De tweede wereldoorlog heeft een enorme verandering te weeg gebracht in Nederland. Het land had in vergelijk met andere westerse landen in Europa en overzee een achterstand gehad in zijn culturele ontwikkeling. Met een schok werd het nu in de twintigste eeuw gepositioneerd. Die schok leidde na de oorlog eerst tot angstige pogingen om terug te keren naar de vooroorlogse tijd (de wederopbouw), maar tevergeefs. In de zestiger jaren sloeg het tij om. Nederland, verloor in rap tempo de kenmerken van een negentiende-eeuwse natie en ging net als de andere Europese landen steeds meer Amerikaanse trekken vertonen.
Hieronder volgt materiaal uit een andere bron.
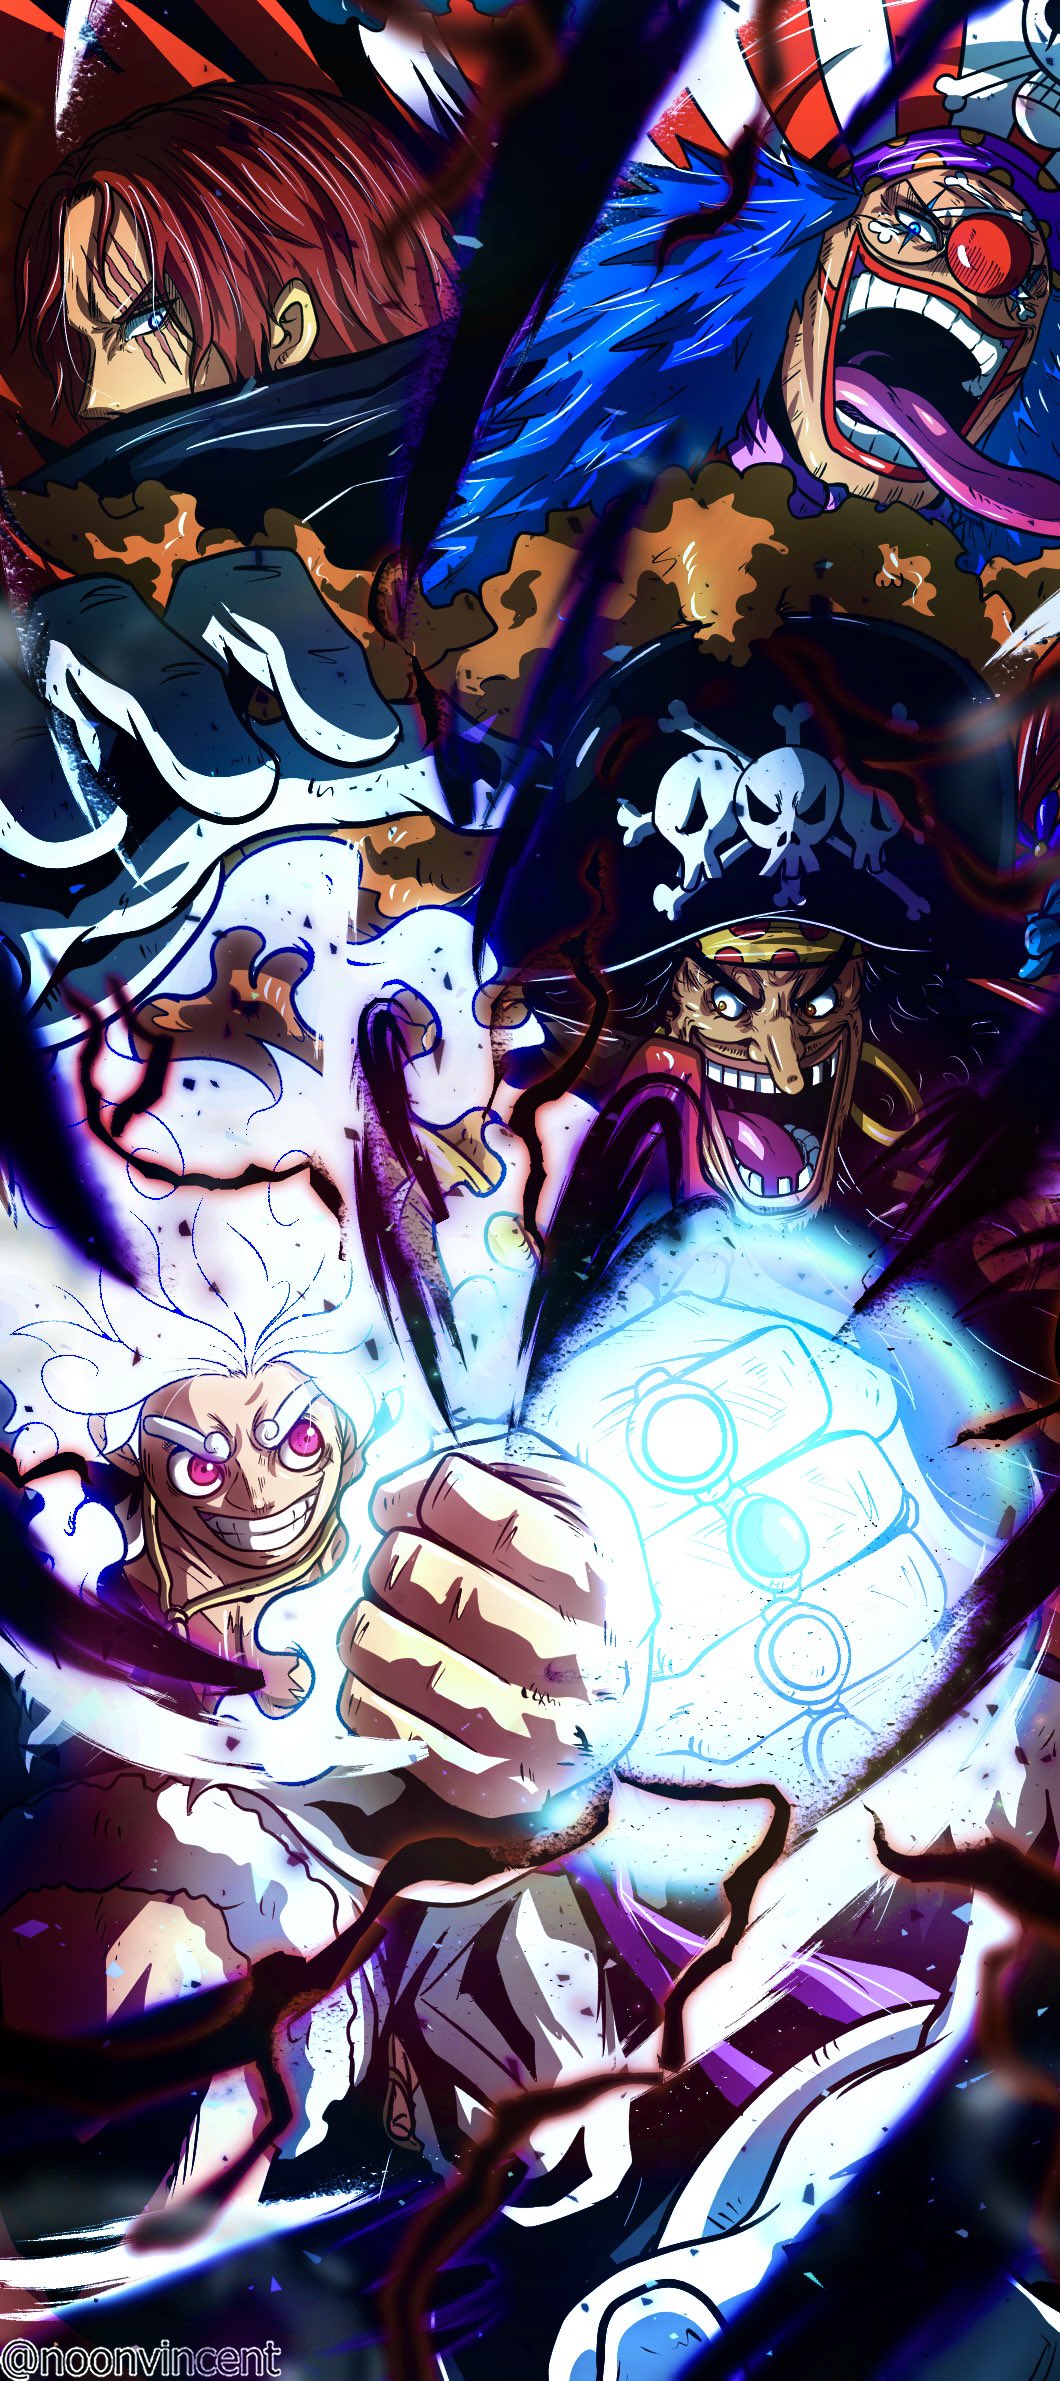 Anime 1060x2381 One Piece vincentnoon Monkey D. Luffy Gear 5th Marshall D. Teach Shanks Buggy (One Piece) fist open mouth lightning smiling portrait display teeth men with hats rings anime boys hat

De zuilenmaatschappij die het land verdeeld had gehouden in een Protestantse, een Katholieke en een Humanistische gemeenschap werd ontmanteld. Nederland werd definitief een humanistische samenleving. Van preuts werd het libertijns en de godsdienst verdween als een dominante factor in het publieke leven. De economie werd gemoderniseerd. In plaats van landbouw werd de industrie een grote werkgever terwijl het dienstenverkeer, waaronder de handel en het transport, haar belangrijke plaats bleef houden. Zeescheepvaart verloor aan belang maar de binnenvaart en het wegtransport namen in omvang toe. Rotterdam en omgeving werden de economisch motor zoals later in de negentiger jaren de luchthaven Schiphol dat zou worden.
Van de zes oprichters van de Economische Gemeenschap was Nederland er een. Om onduidelijke redenen streefde ons land aanvankelijk tegelijkertijd naar toetreding van Groot Brittannië en naar een federale politieke structuur van de gemeenschap. Deze twee doelstellingen waren niet tezamen te bereiken. Het is Groot Brittannië geworden, gelukkig maar. Een federaal Europa naar Amerikaans of Duits model zou Nederland weinig voordelen opleveren en haar unieke eigen cultuur in de verdrukking hebben gebracht
Nederland maakt nu deel uit van een Europa, dat een staatkundige vorm heeft gekregen die je sui generis zou kunnen noemen. Het ziet er naar uit dat we in Europa in een staatkundige periode leven als in de Nederlanden in de periode rond 1600, een volkomen eigen-soortelijke ontwikkeling. Wat het worden gaat weet nog niemand en een nieuwe naam zal er achteraf wel worden opgeplakt.
De nationale overheden met hun verouderde apparaten zijn waarschijnlijk on the way out, maar de naties blijven bestaan. Dat Nederland, met zijn nog steeds ideale geografische ligging hier nieuwe kansen krijgt staat wel vast. Dat het een moderner soort overheid nodig heeft om die ontwikkeling vorm te geven ook.